• _EXERCISE AIM_
Under this line sits a listing. Repeat exactly and only its lines from the one holding "(M) BROWNING BBR" through the one holding "Ex-Confidential Files from"; skip pictures.
:: RECORD EXTRACTS ::
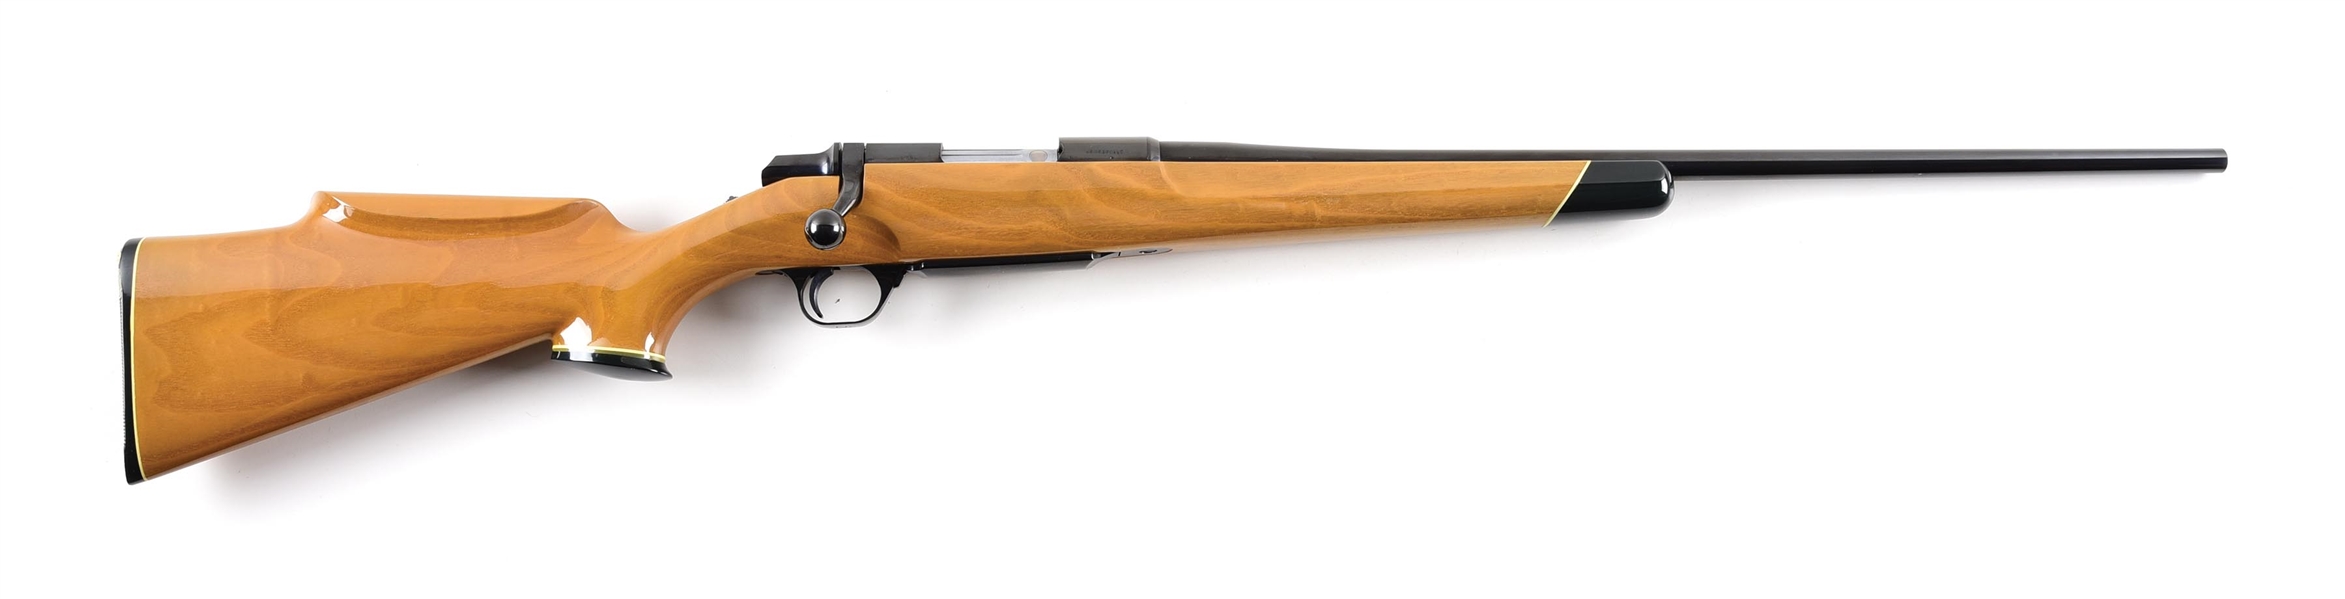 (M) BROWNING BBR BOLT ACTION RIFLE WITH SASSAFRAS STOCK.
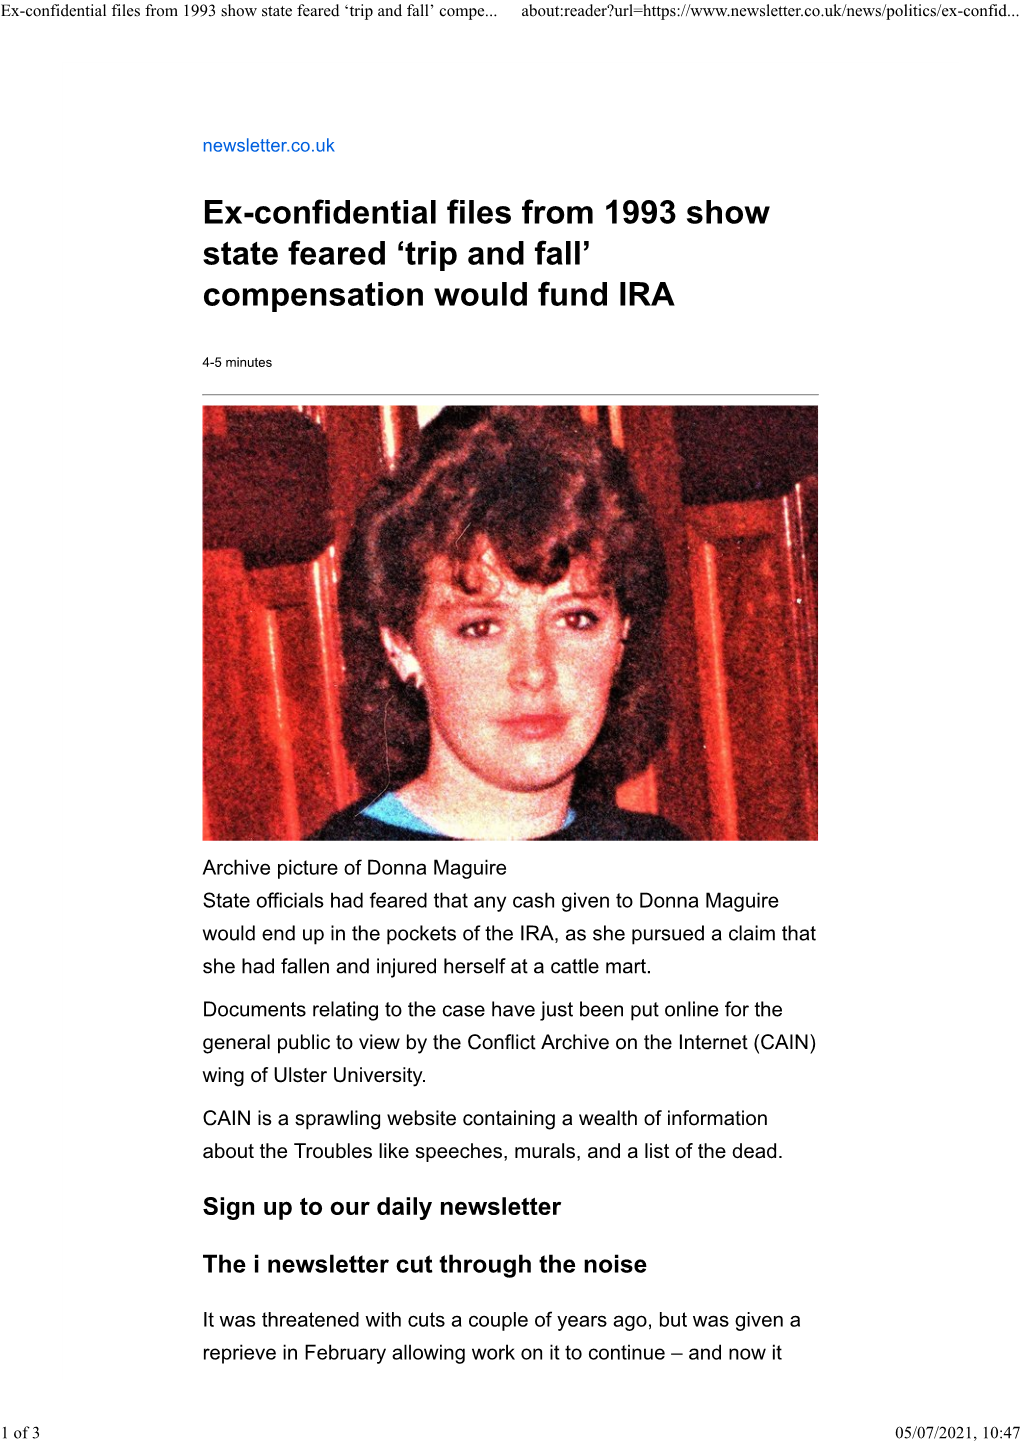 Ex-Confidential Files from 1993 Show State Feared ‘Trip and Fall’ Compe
:::
:: RECORD EXTRACTS ::
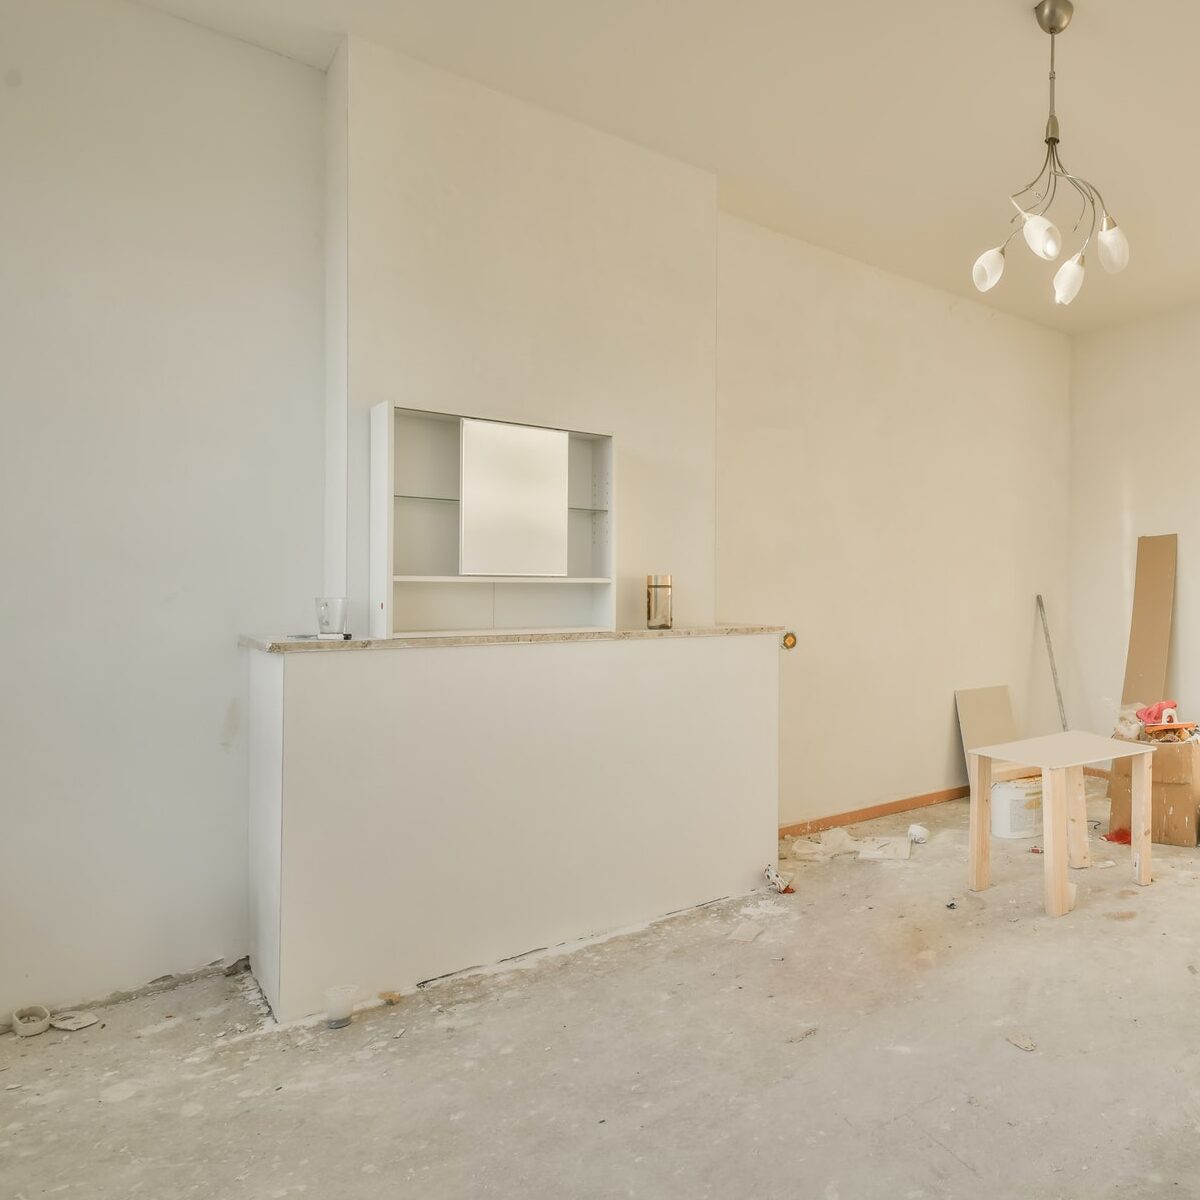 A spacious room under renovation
:::
• _WRITTEN REPLY_
 (M) BROWNING BBR BOLT ACTION RIFLE WITH SASSAFRAS STOCK.
 Ex-Confidential Files from 1993 Show State Feared ‘Trip and Fall’ Compe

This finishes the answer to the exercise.